*** Block opens ***

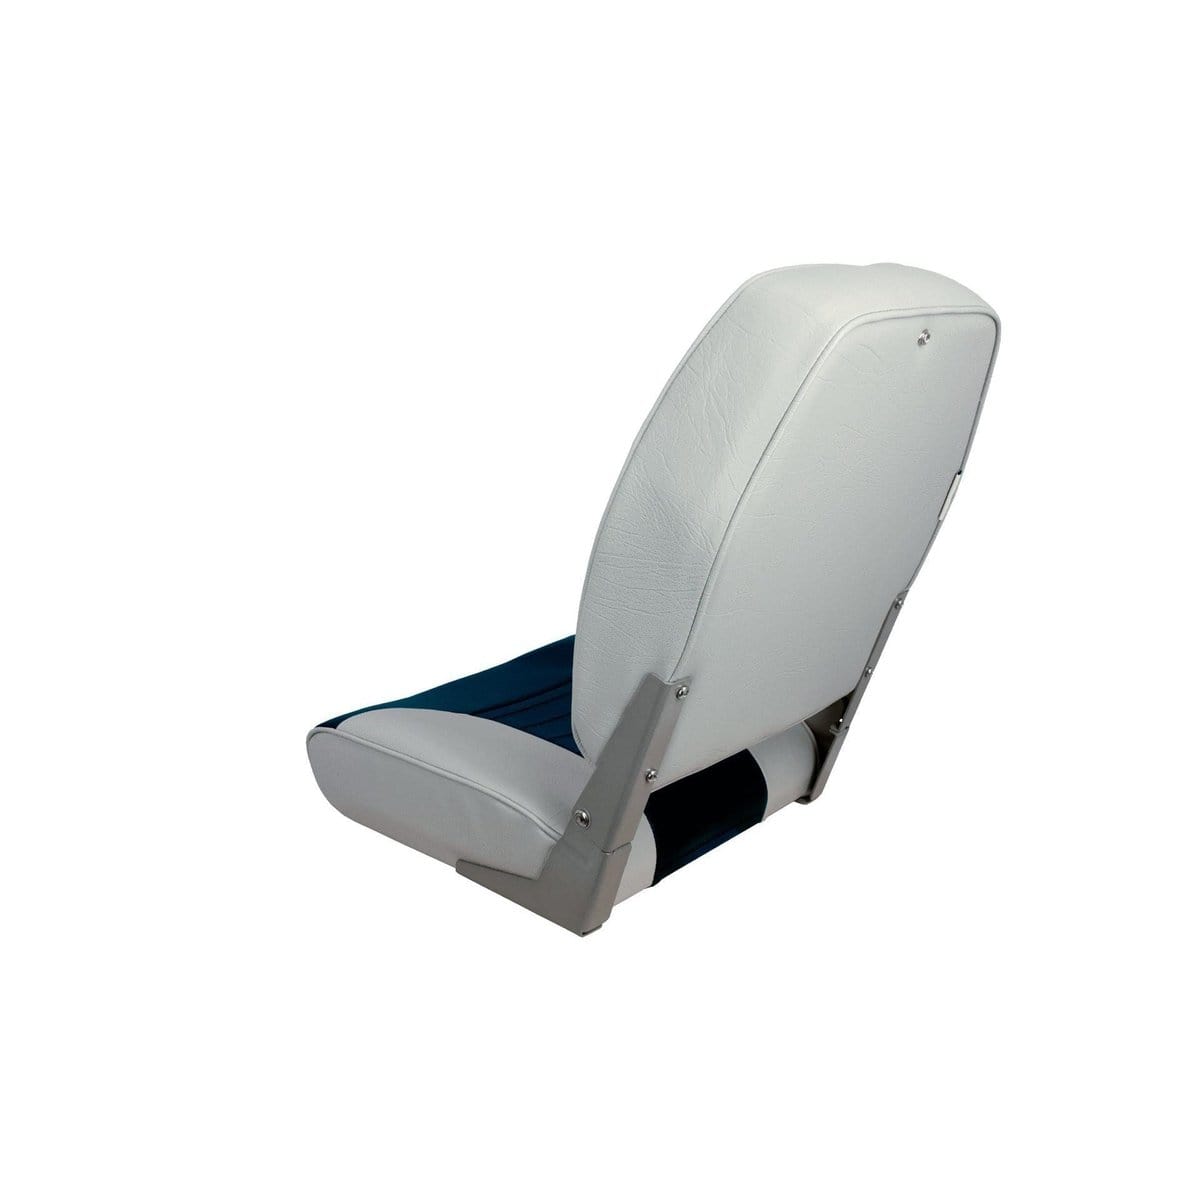 Springfield Qualifies for Free Shipping Springfield Economy Seat High-Back Gray/Blue #1040661
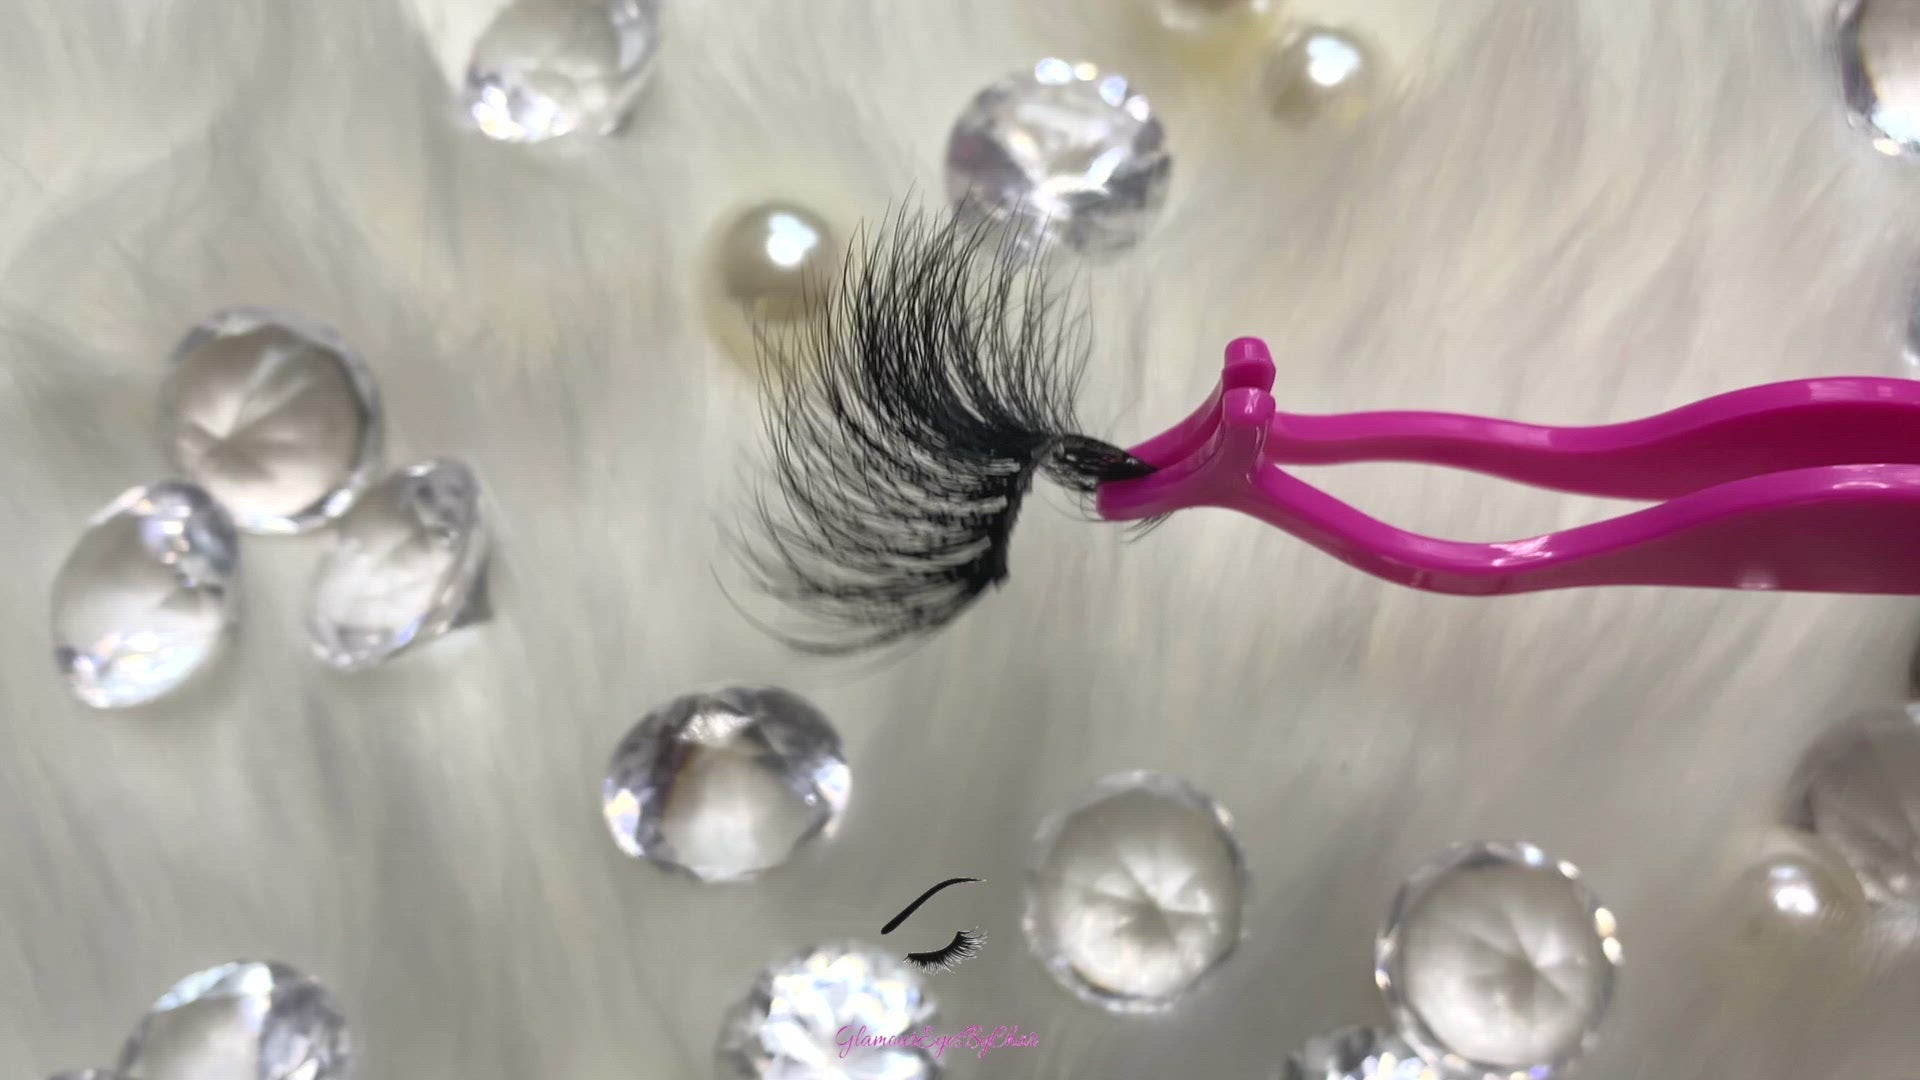 These 3D luxurious mink lashes are called Flutter and are 15-19mm in length. They are light and fluffy, and very comfortable to wear on the lids. The thin lashband, makes the application process a breeze.
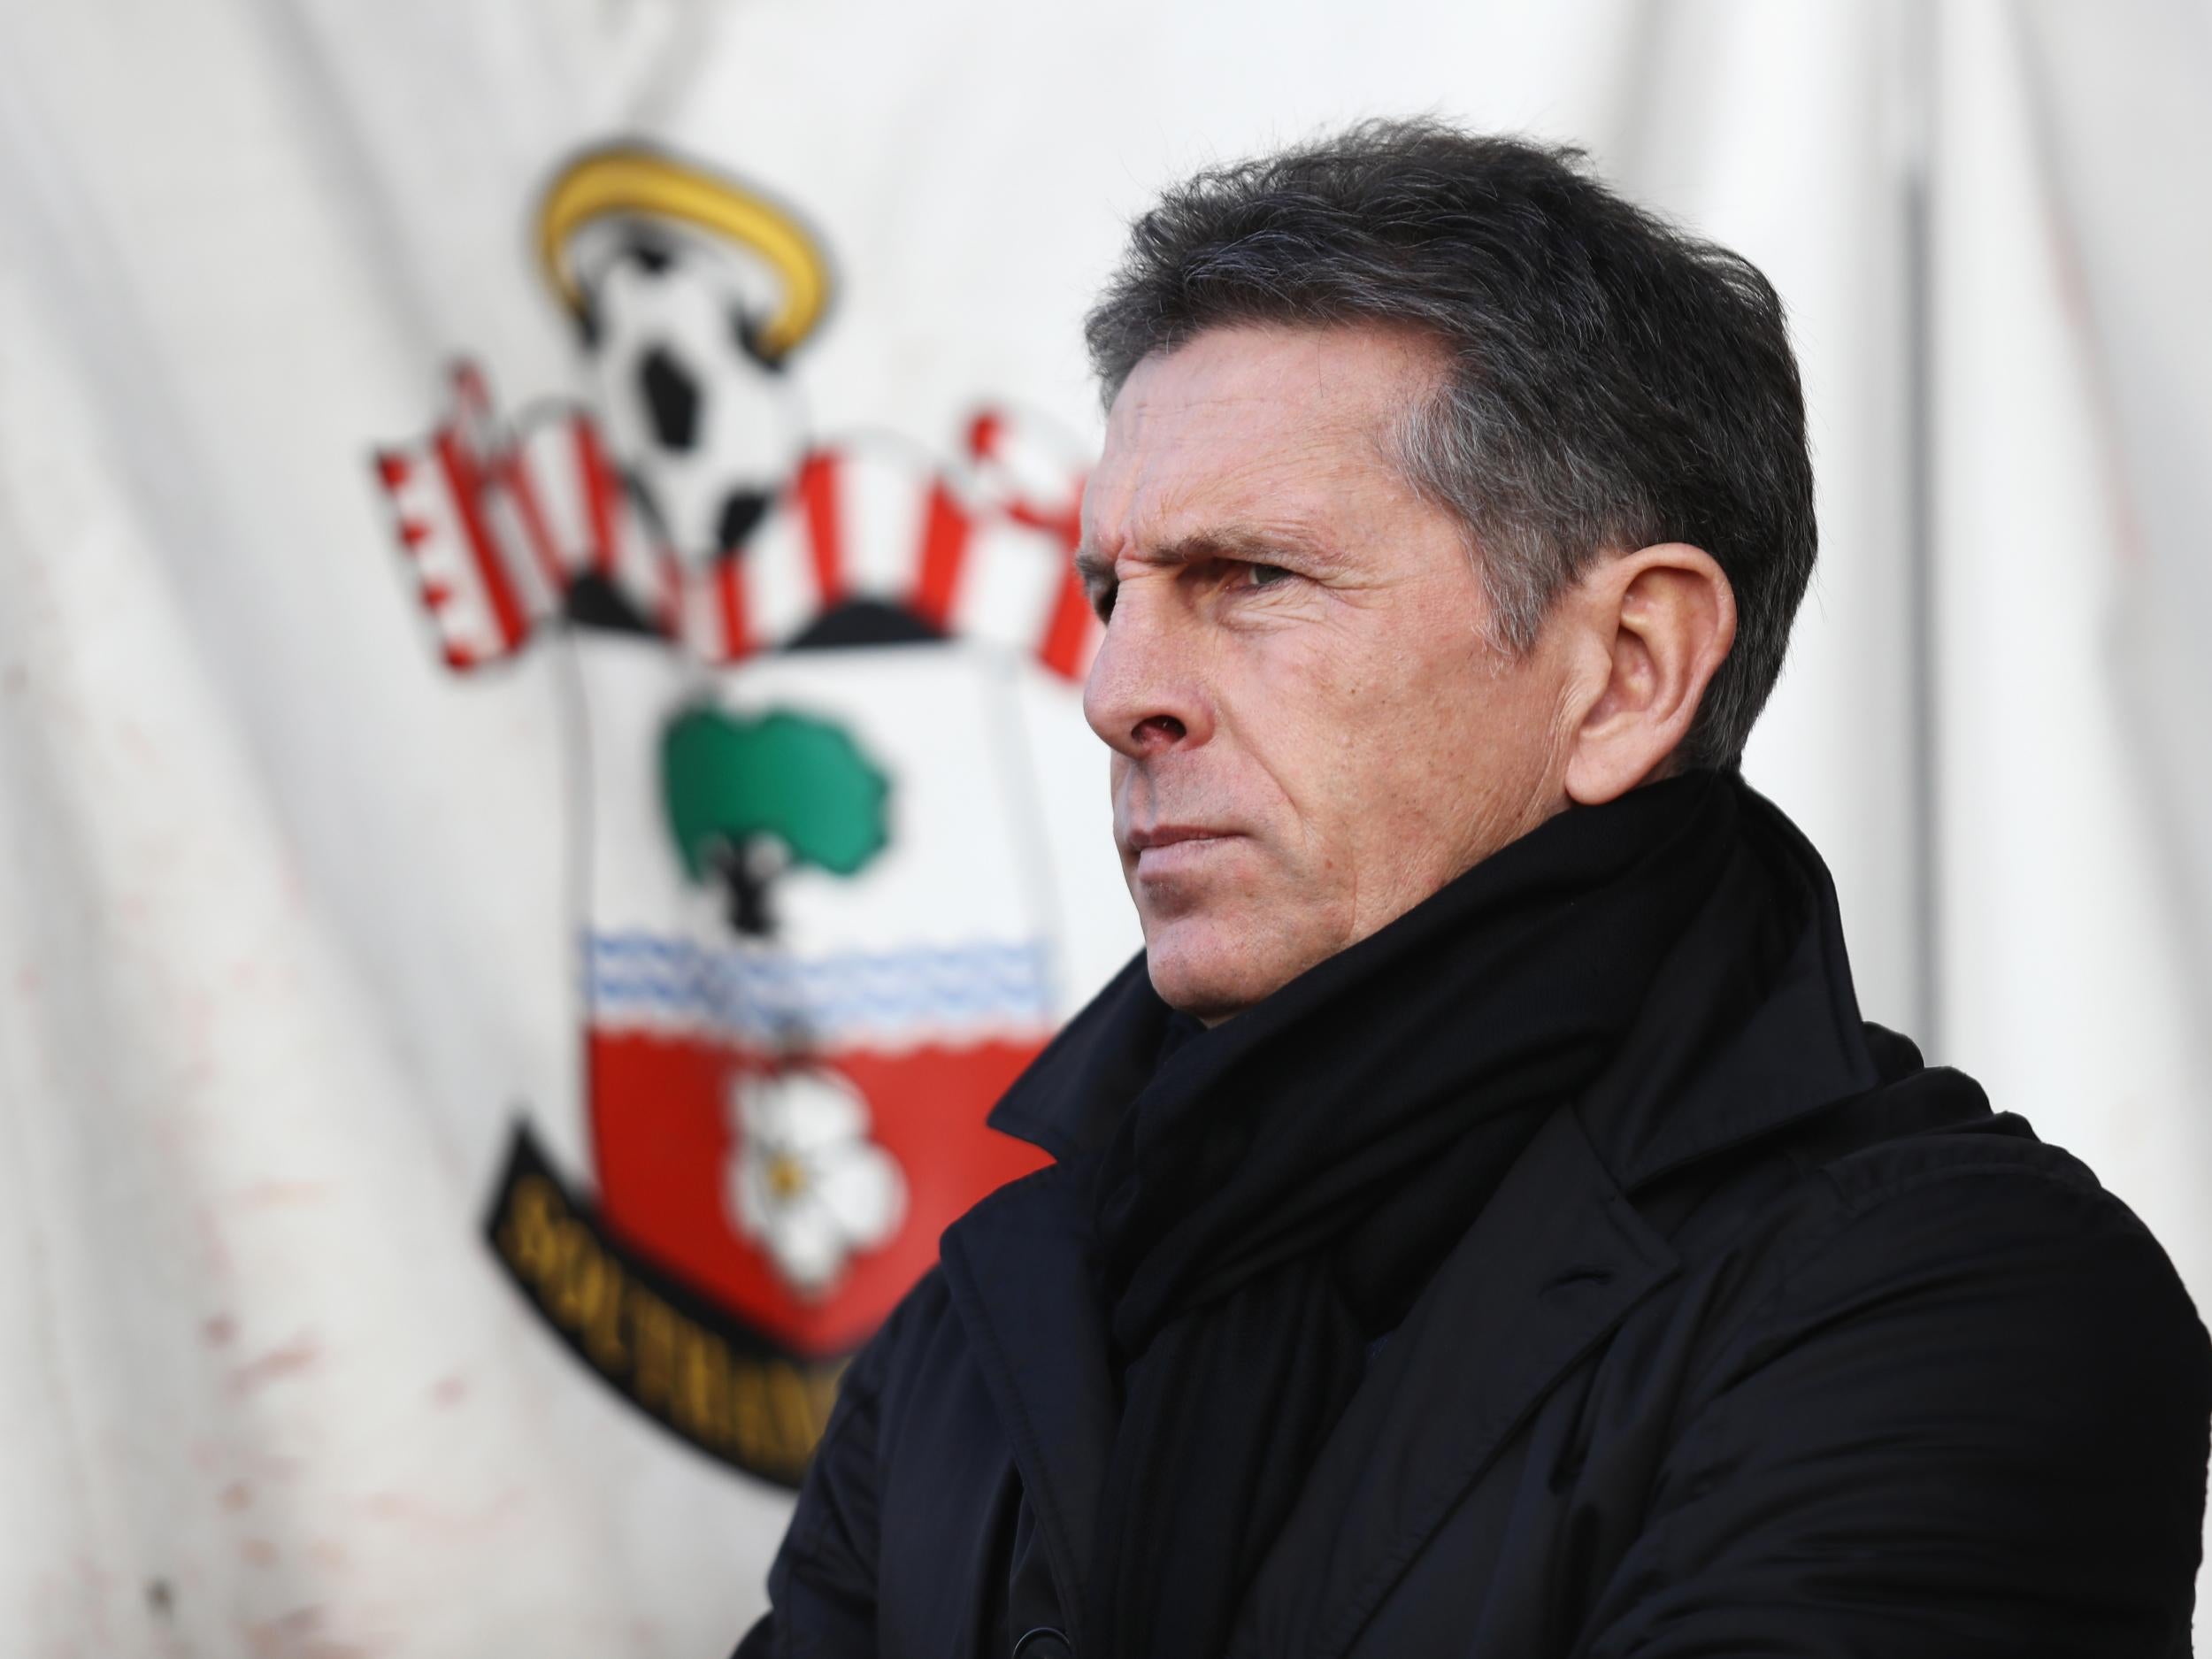 Puel hopes he can lead the club to their first major honour since 1976

*** Block closes ***

§ **Assignment**: Leave out the pictures, and please output only the lines from the line that contains "These 3D luxurious" through the end of the data, both ends included.

§ **Result**:
 These 3D luxurious mink lashes are called Flutter and are 15-19mm in length. They are light and fluffy, and very comfortable to wear on the lids. The thin lashband, makes the application process a breeze.
 Puel hopes he can lead the club to their first major honour since 1976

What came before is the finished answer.